**Problem description**
The result should be the listing below restated word for word, with images left out.

**Data section**
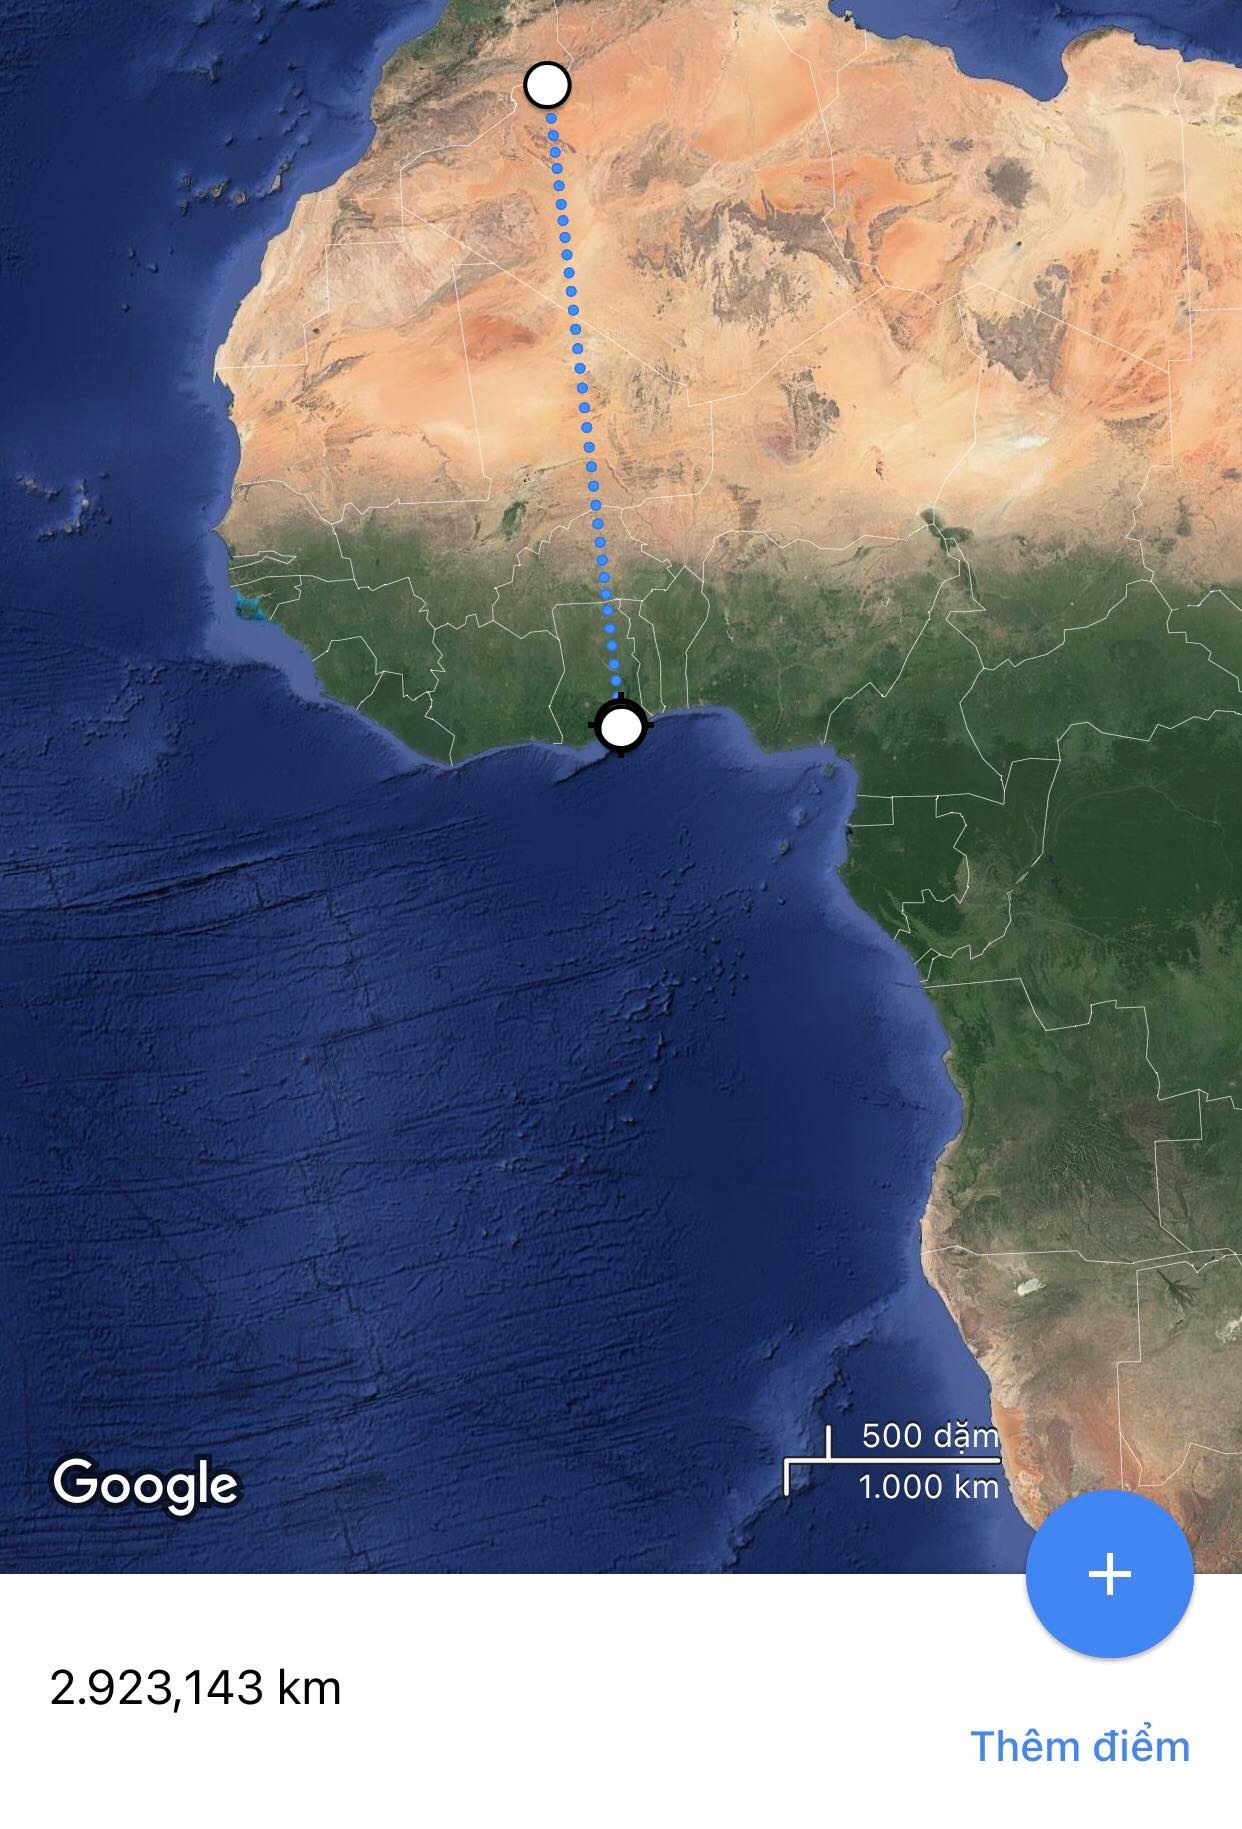 Đến Ghana thi đấu, đội bóng Algeria phải bay 5 chuyến (20 giờ đồng hồ) trong 2 ngày - Ảnh 1.
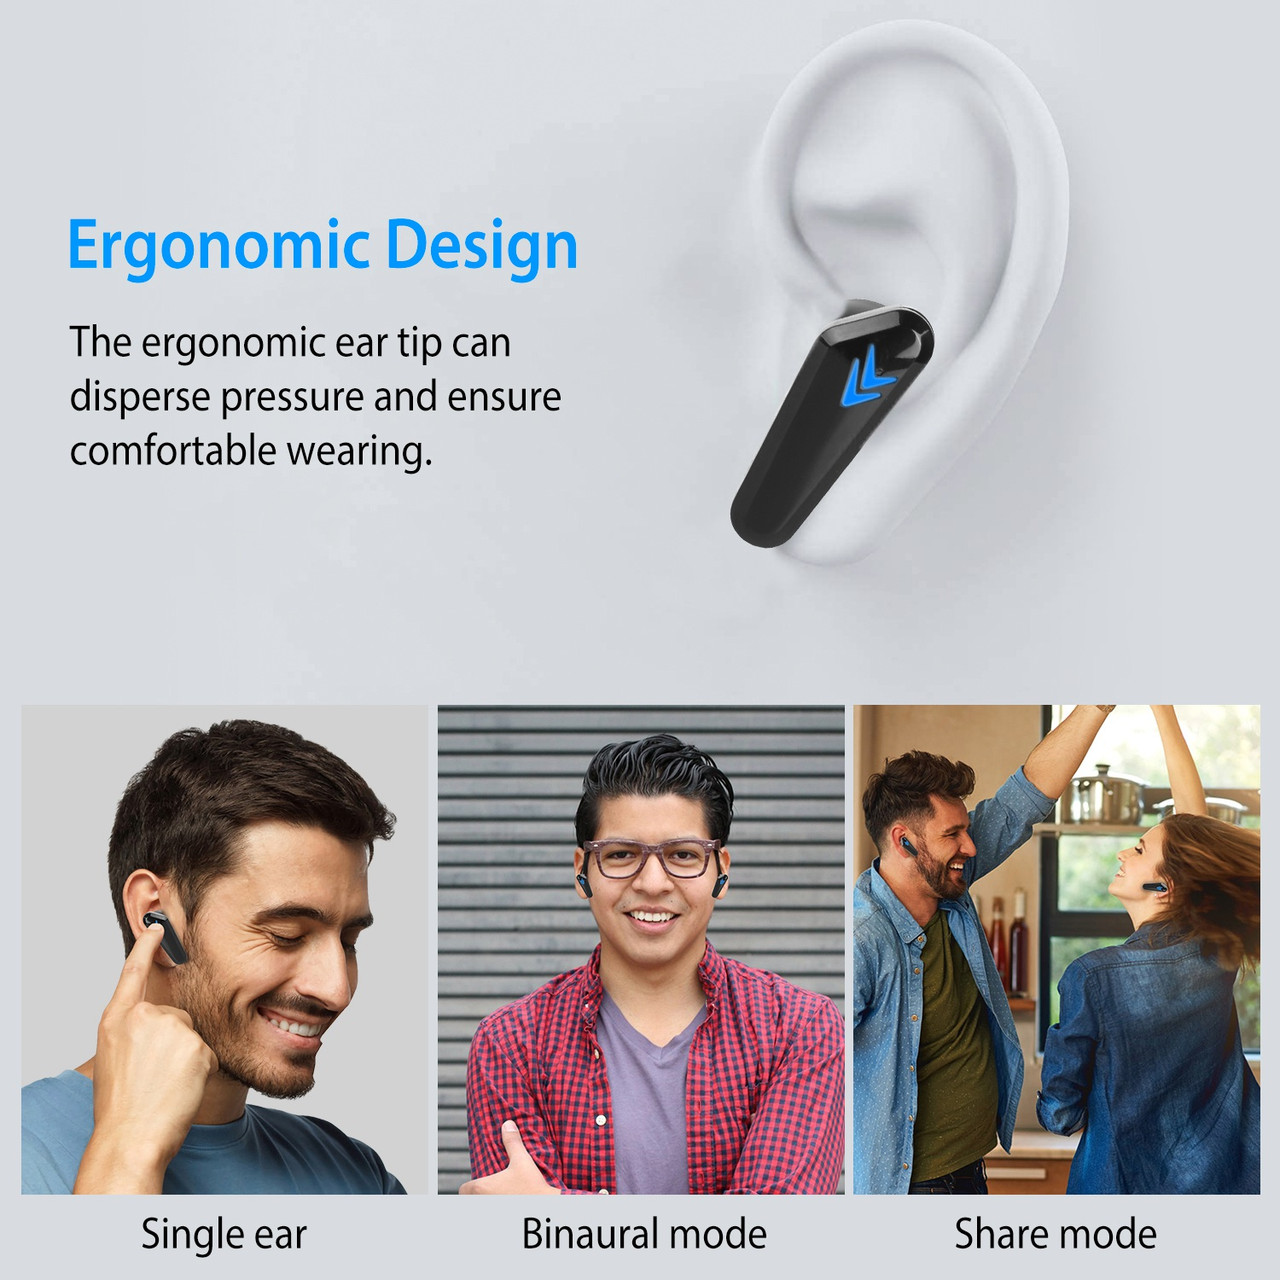 iMounTEK® Wireless TWS 5.0 Earbuds product image
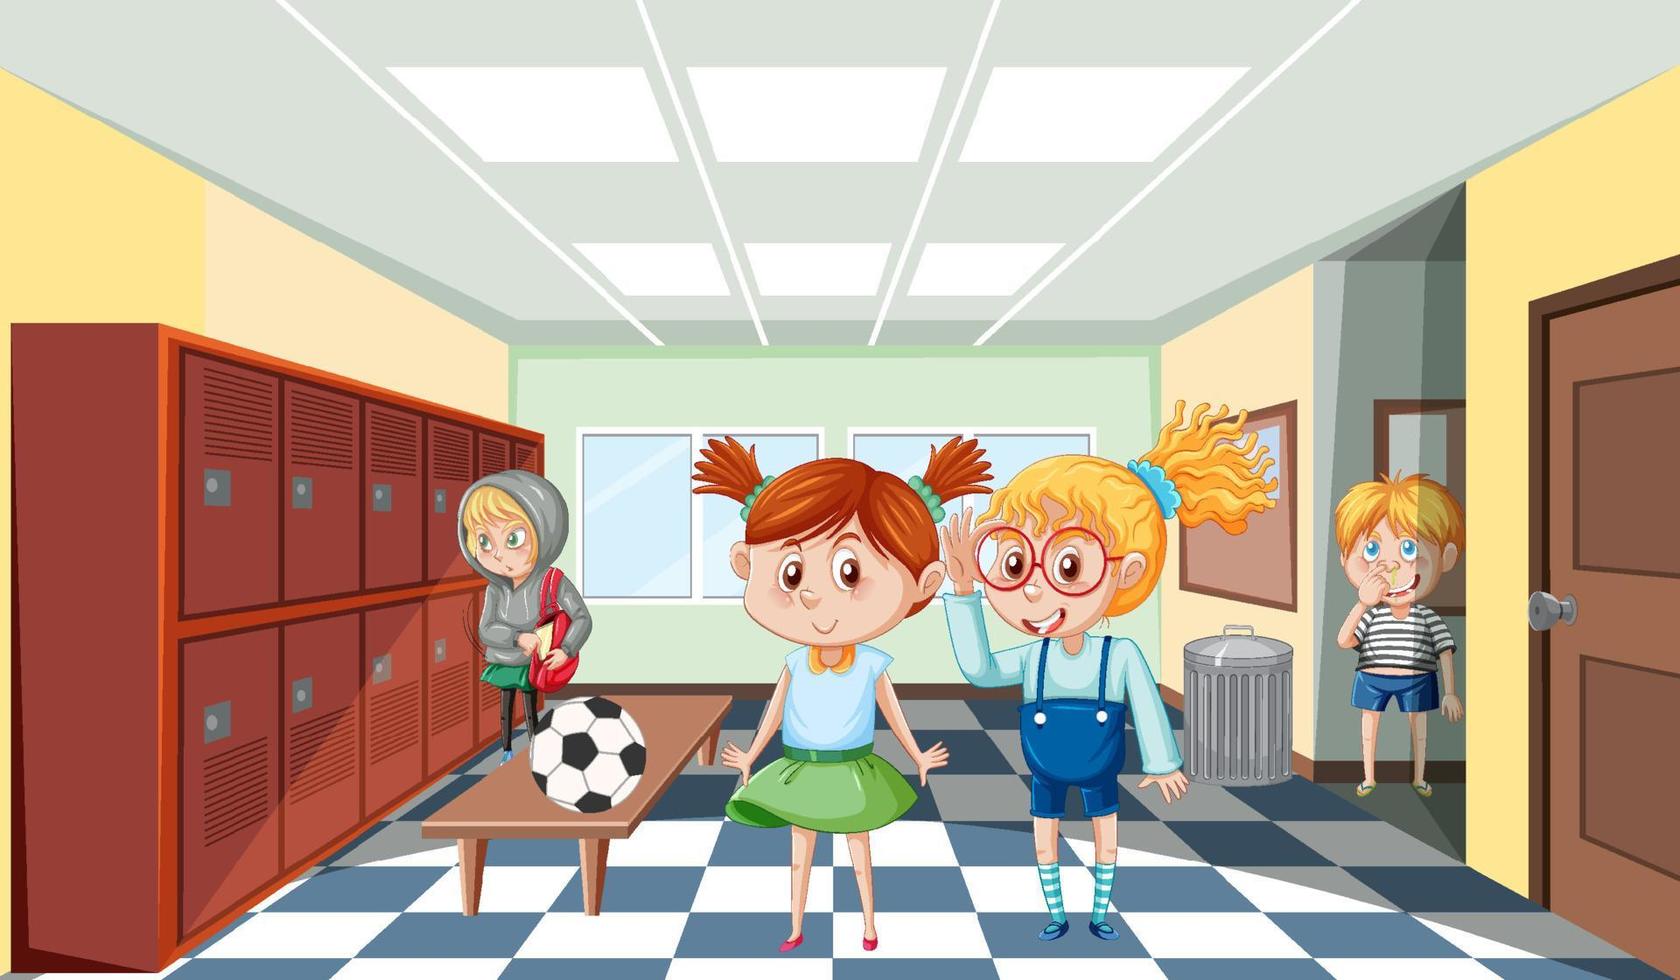 cena da escola com o personagem de desenho animado dos alunos vetor

**Response box**
 Đến Ghana thi đấu, đội bóng Algeria phải bay 5 chuyến (20 giờ đồng hồ) trong 2 ngày - Ảnh 1.
 iMounTEK® Wireless TWS 5.0 Earbuds product image
 cena da escola com o personagem de desenho animado dos alunos vetor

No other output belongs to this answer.